Frank Lloyd Wright's Imperial Hotel, Tōkyō suffered a similar fate. Although it managed to come through both the Great Kantō earthquake and World War II unscathed, it was no match for the wrecking ball. Fortunately, the central lobby and reflecting pool were disassembled and rebuilt at The Museum Meiji Mura in Nagoya.
The Grass is greener . . .
Playing soccer with my sons in the local park, I tripped as I was dribbling the ball and face-planted into the ground. It wouldn’t have been half as painful if the goddamn pitch we were playing on wasn’t gravel.

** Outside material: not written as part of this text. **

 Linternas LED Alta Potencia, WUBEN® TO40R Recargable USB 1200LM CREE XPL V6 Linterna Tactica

Japanese friends and family, the above is what a park looks like in the U.S. Please note how the grass is cut regularly, perhaps as many as two times a week, and watered, yes watered, regularly so that it stays green even in the dry season. Lush, green grass, imagine that!
Inside the Diamond Head State Monument. Again, the grass is cut and watered. Looks nice doesn't it? Kind of makes you want to roll about on it, or spin aound like my wife is doing in the photo, or just lie down it and look up at the sky.

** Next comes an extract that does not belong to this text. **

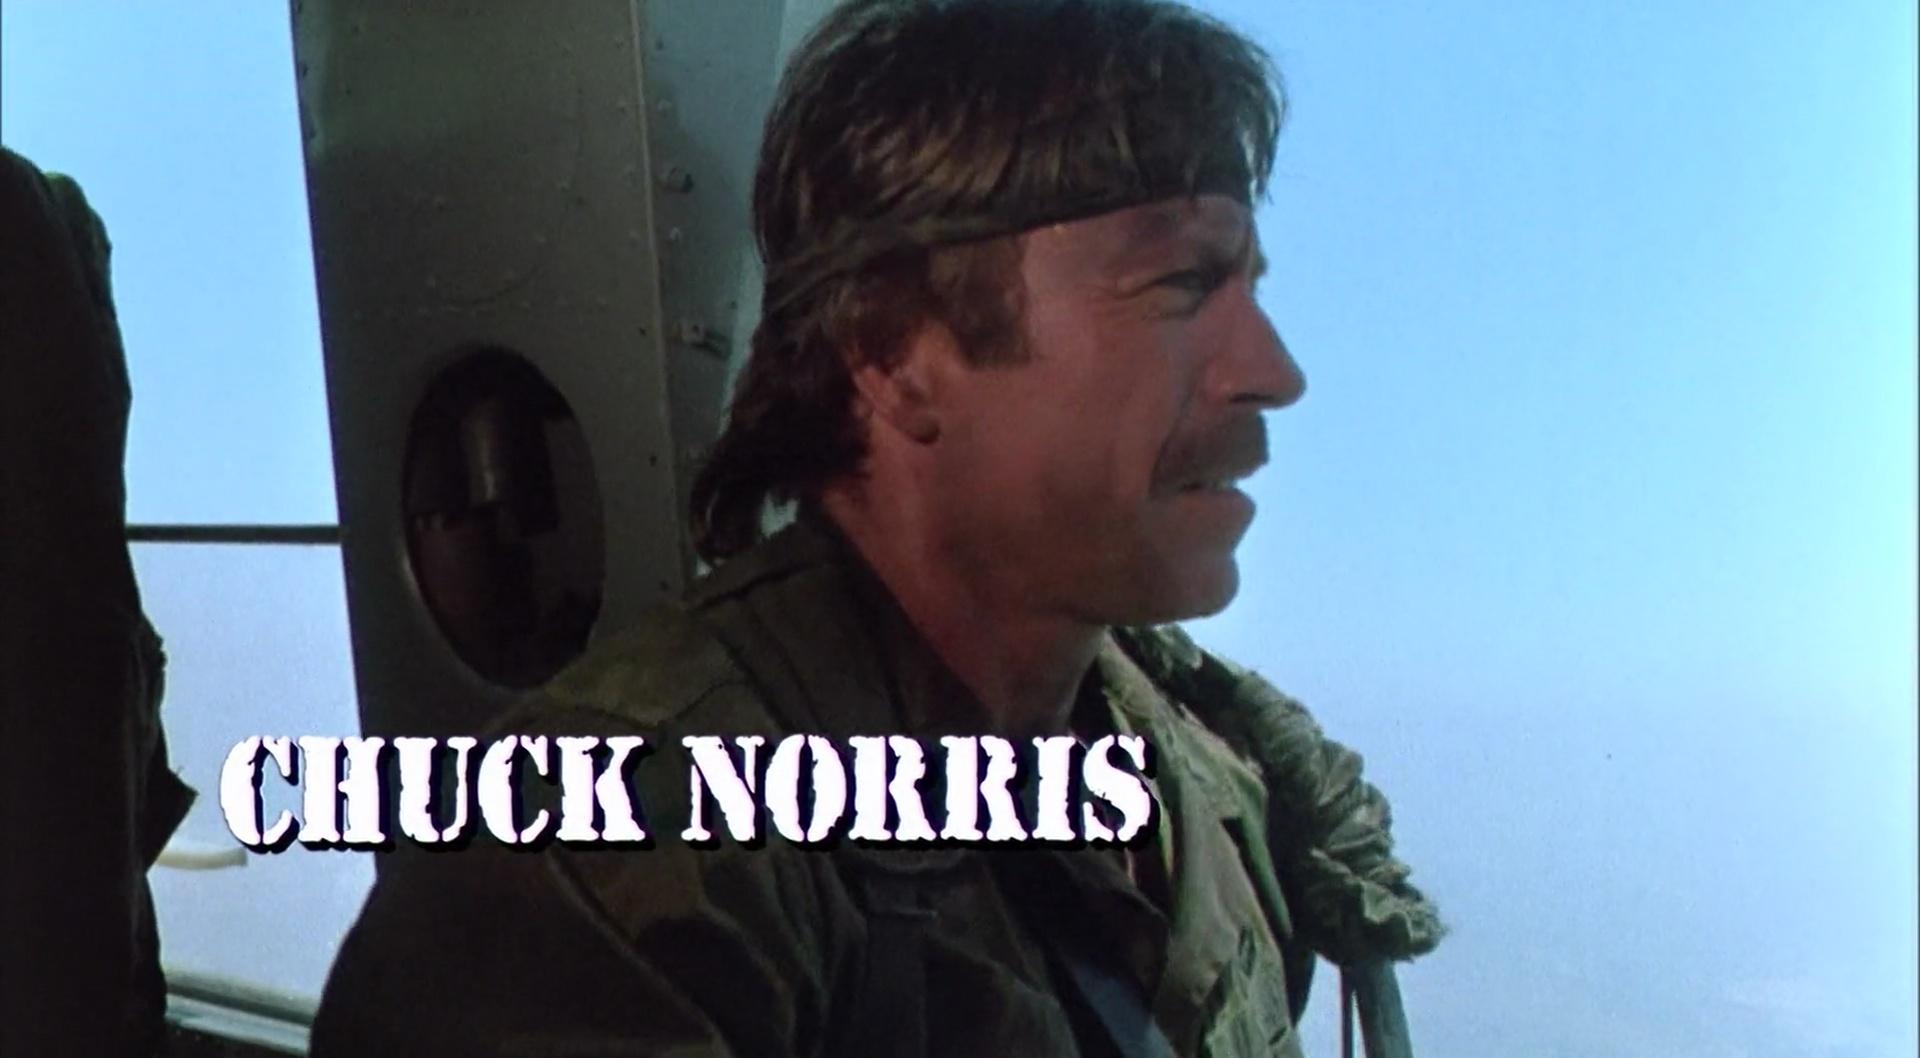 PORTÉS DISPARUS 3 (Braddock Missing in Action III) de Aaron Norris (1988)

But this is Hawaii, you might say. The climate there is just perfect for parks.
Okay. The next picture is from San Francisco:
Cute kid, if I don't mind saying so myself.
Admittedly not the best photo, but it proves that even in the middle of winter, San Francisco, which tends to be rather chilly and overcast most of the time, also has nice green grass in its public parks. This picture was taken near Ghiradelli Square where you'll find quite a lot of tourists and homeless people (many of whom have apparently gone off their Perphenazine--the homeless, mind you, not the tourists).
Also note the trashcan. Not only is the design pleasing to the eye, it is not overflowing with garbage. Why's that, you ask. Because they are emptied regularly. Novel idea, isn't it? See you don't have to wait until they are filled to overcapcity like commuter trains in Tōkyō.
The following photo is from Portland, Oregon:
Again, this photo was taken in the dead of winter when the sun rarely shines, and yet the grass is still nice and green. A bit bald in spots, but that can'be helped. All the rain tends to make the ground soggy and prone to damage by pedestrians. Leaves are picked up at regular intervals, too. See, you don't have to drastically cut the limbs of the trees in autumn. Let the leaves fall as Mother Nature intended and then rake them up later. Revolutionary!
And this is what one of the better parks in Fukuoka looks like:
Yikes!
I hiked all the way to the park with the intention of playing catch with my son, but . . . For crying out loud, when was the grass last cut?
I wasn't so much worried about losing the ball among the weed as I was about losing my sons.
You know, when you don't maintain the parks, it's no wonder so few people visit them. Then again, that may be the idea behind the lack of maintenance. The fewer the visitors, the less work the parks administration has to do cleaning up after all those people. There's less litter to pick up, fewer garbage cans that need emptying . . . Hmm. Maybe they know what they're doing after all.
To be fair, . . .
. . . there are some nice parks in Japan. These photos were taken at Tōkyō's Shinjuku Gyoen, which is located betwen Yoyogi and Shinjuku stations.
It's a great park. Unfortunately, admission is not free.
What I'm getting at is this: if fat, lazy, and stupid Americans can maintain parks, then surely the Japanese can do it, to. Give it a try!